══ Data block ══
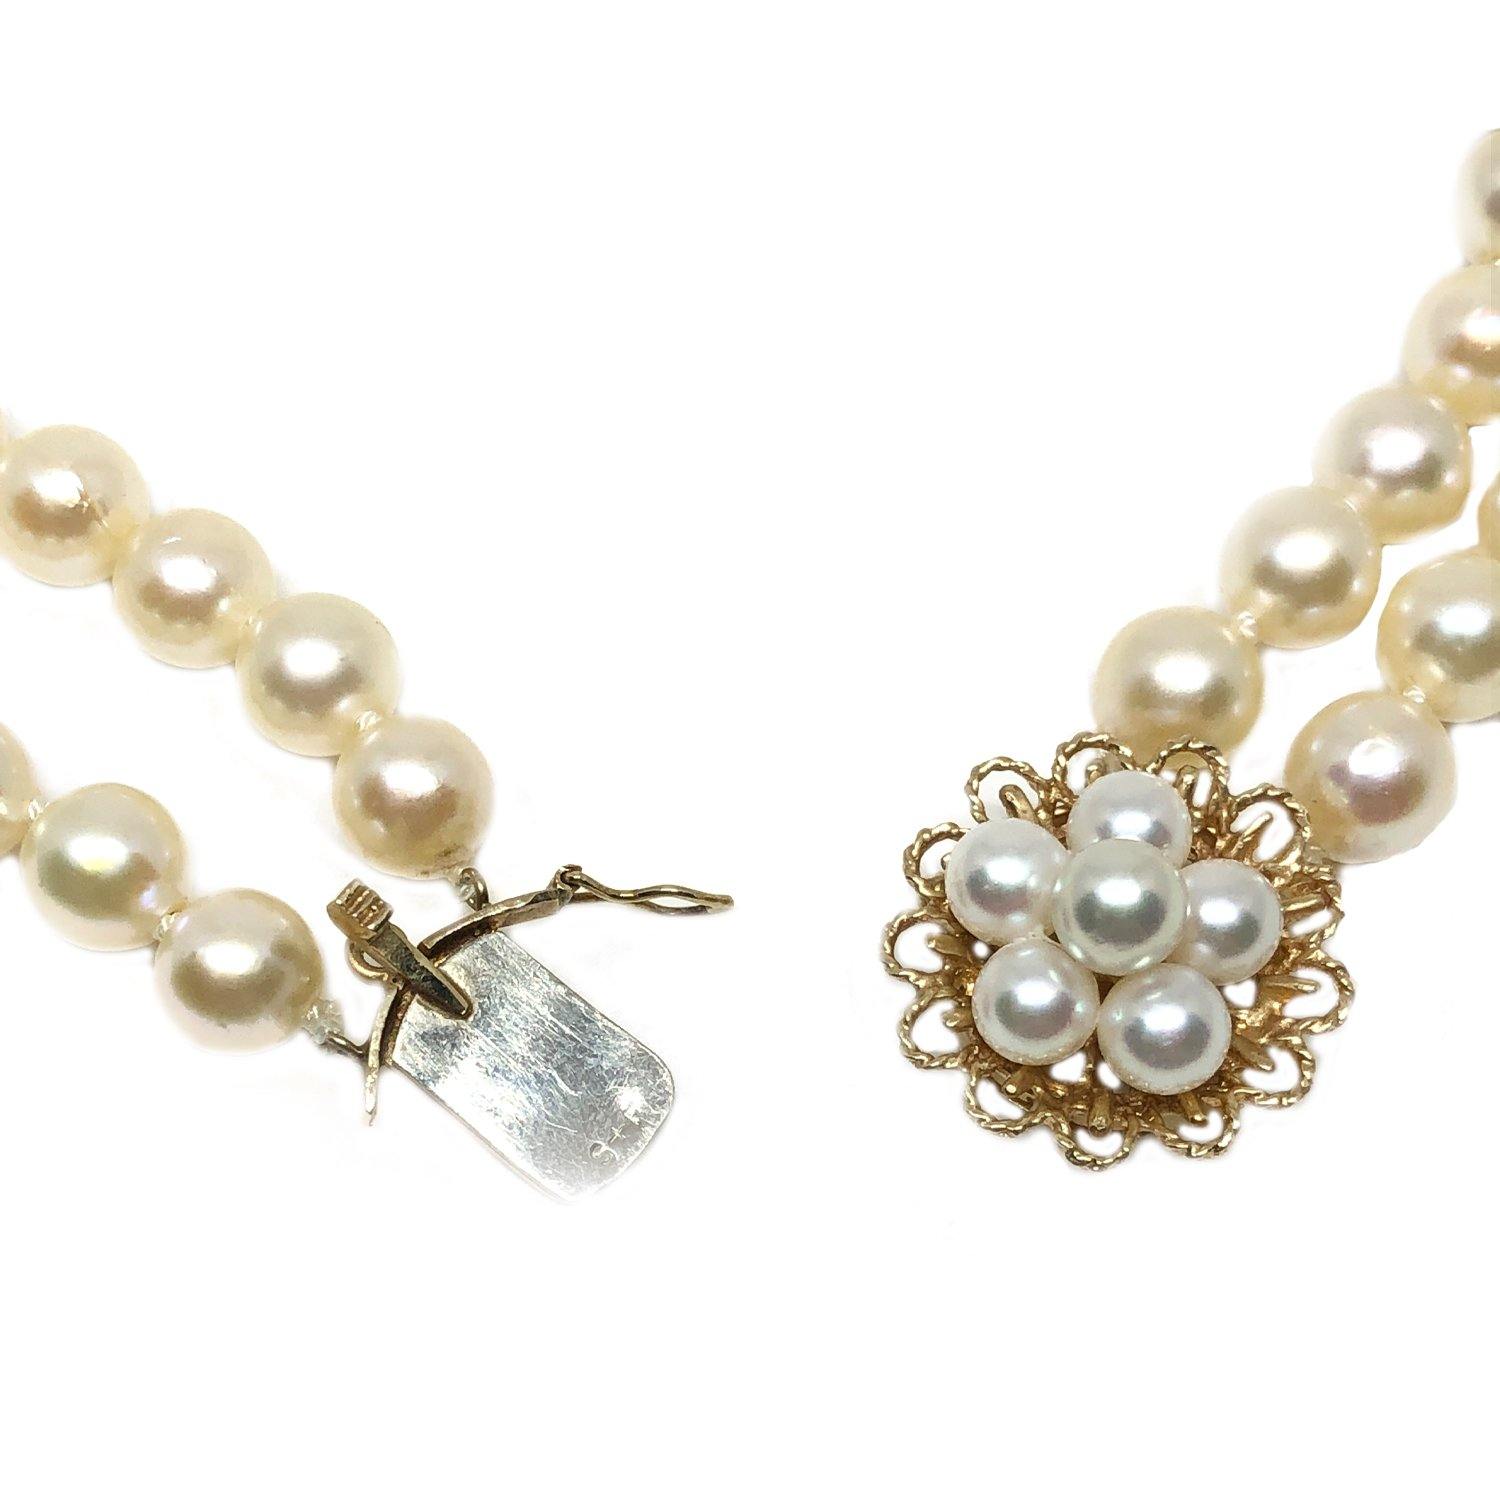 Double Strand Japanese Saltwater Cultured Akoya Pearl Necklace - 14K Yellow Gold 15.50 & 16.75 Inch
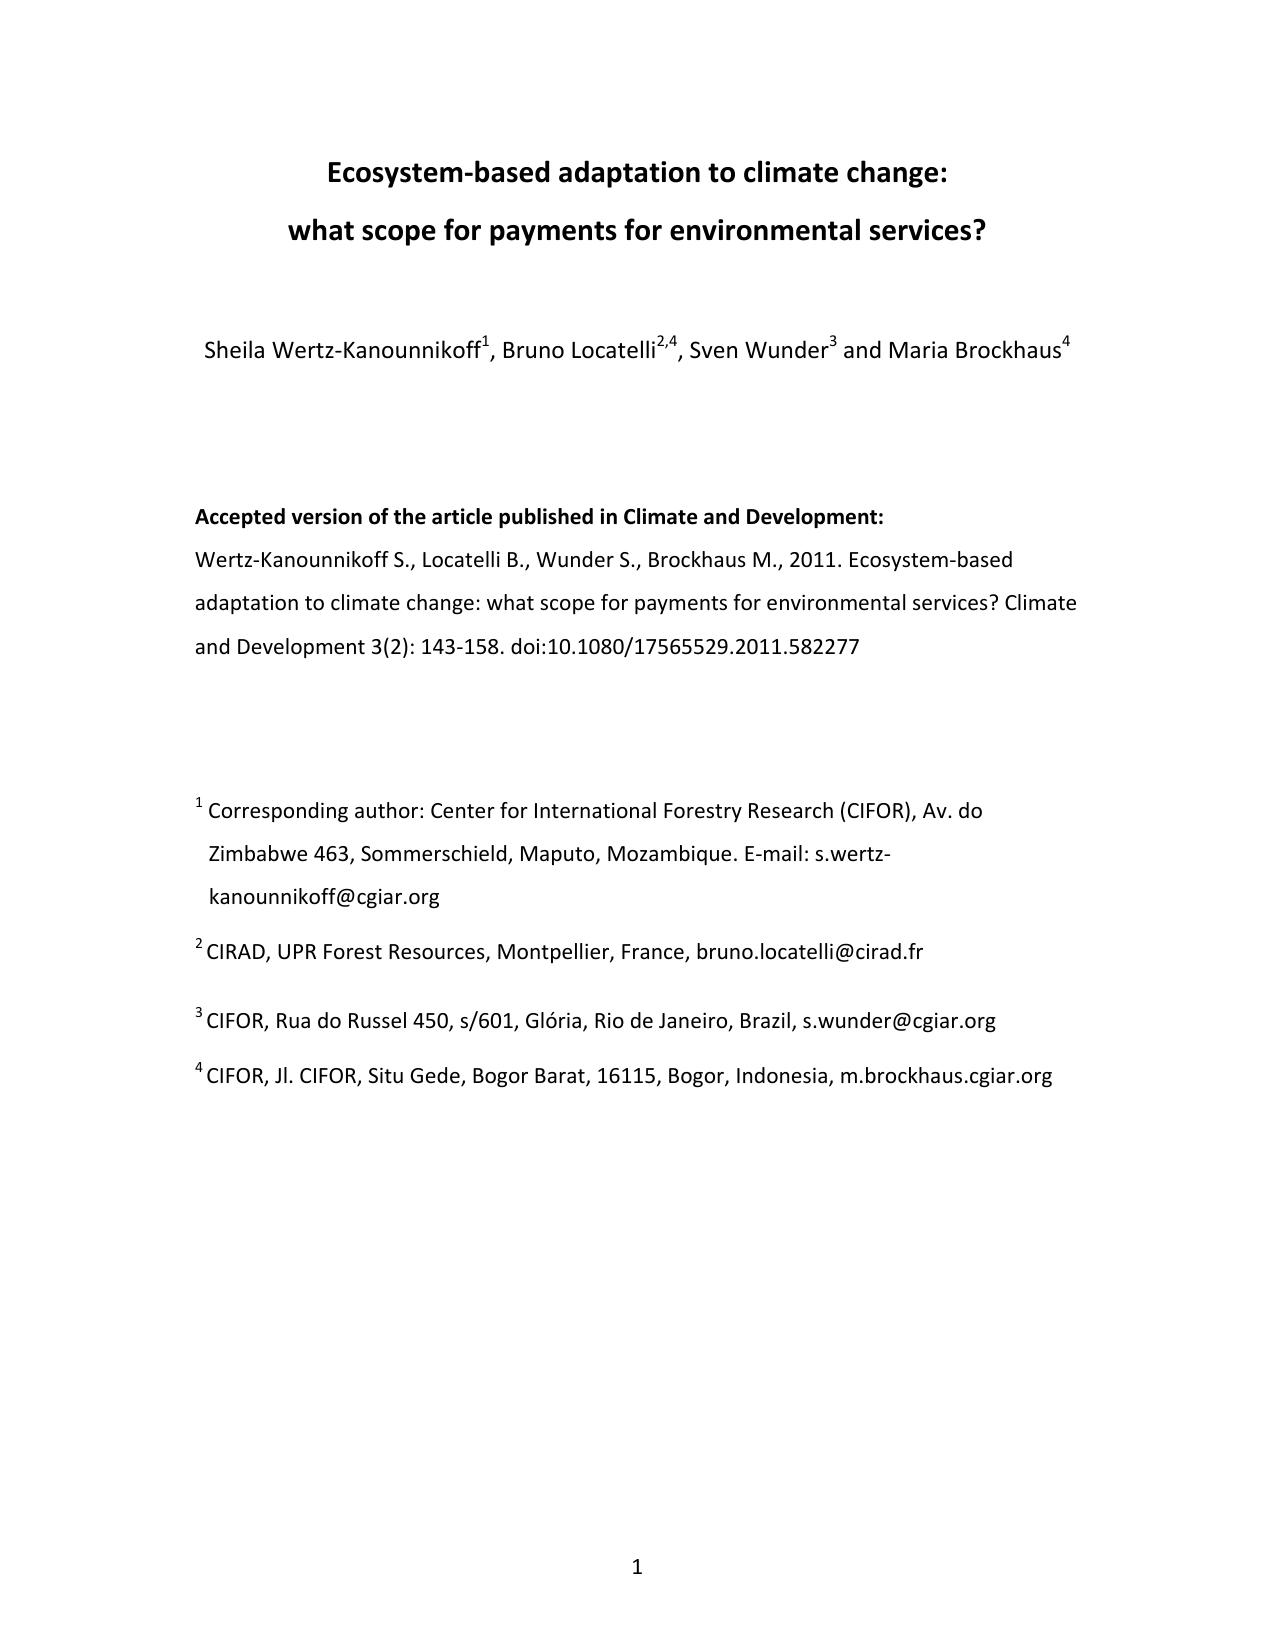 Ecosystem-based adaptation to climate change: what scope for payments for environmental services?
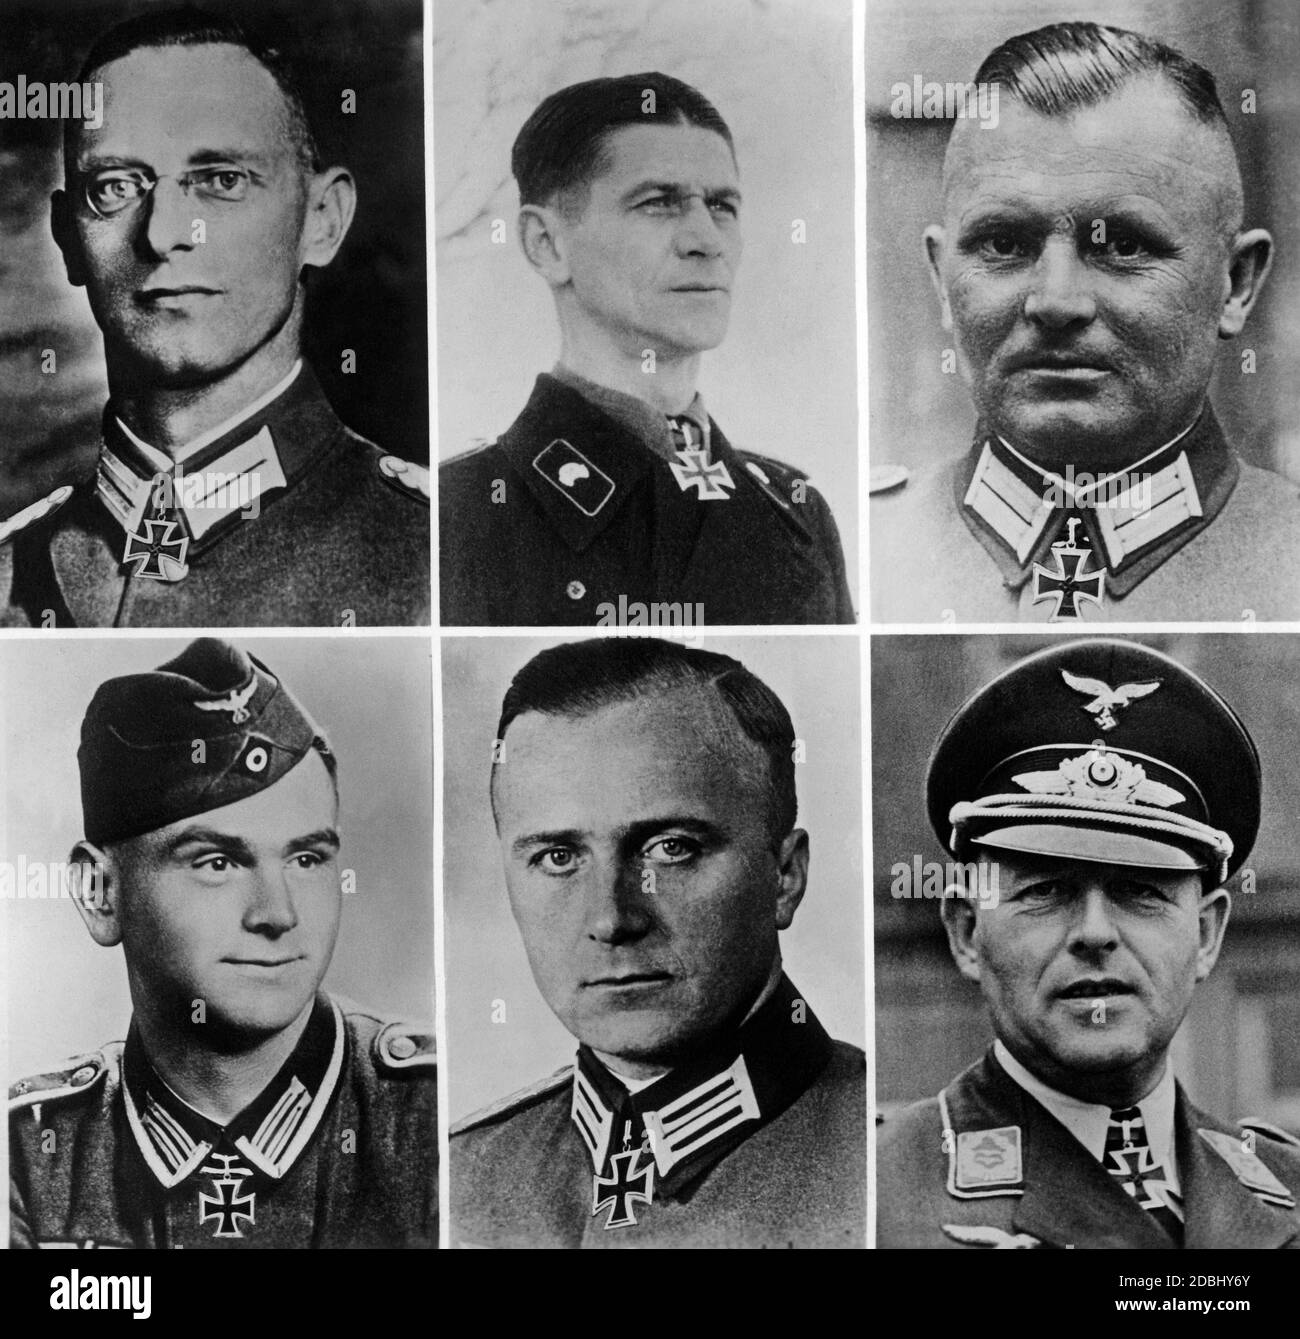 Lieutenant Colonel Karl Britzelmayr, Major Franz Gnaden, Colonel Johann Block, Sergeant Dietrich Koch, Major Guenther Nentwig and Major Max Hecht with the Knight's Cross. The date indicates the date of awarding. Stock Photo
═══
Work instruction: Output all of the listing above, exactly as given, but without its pictures.

Response for this exercise:
 Double Strand Japanese Saltwater Cultured Akoya Pearl Necklace - 14K Yellow Gold 15.50 & 16.75 Inch
 Ecosystem-based adaptation to climate change: what scope for payments for environmental services?
 Lieutenant Colonel Karl Britzelmayr, Major Franz Gnaden, Colonel Johann Block, Sergeant Dietrich Koch, Major Guenther Nentwig and Major Max Hecht with the Knight's Cross. The date indicates the date of awarding. Stock Photo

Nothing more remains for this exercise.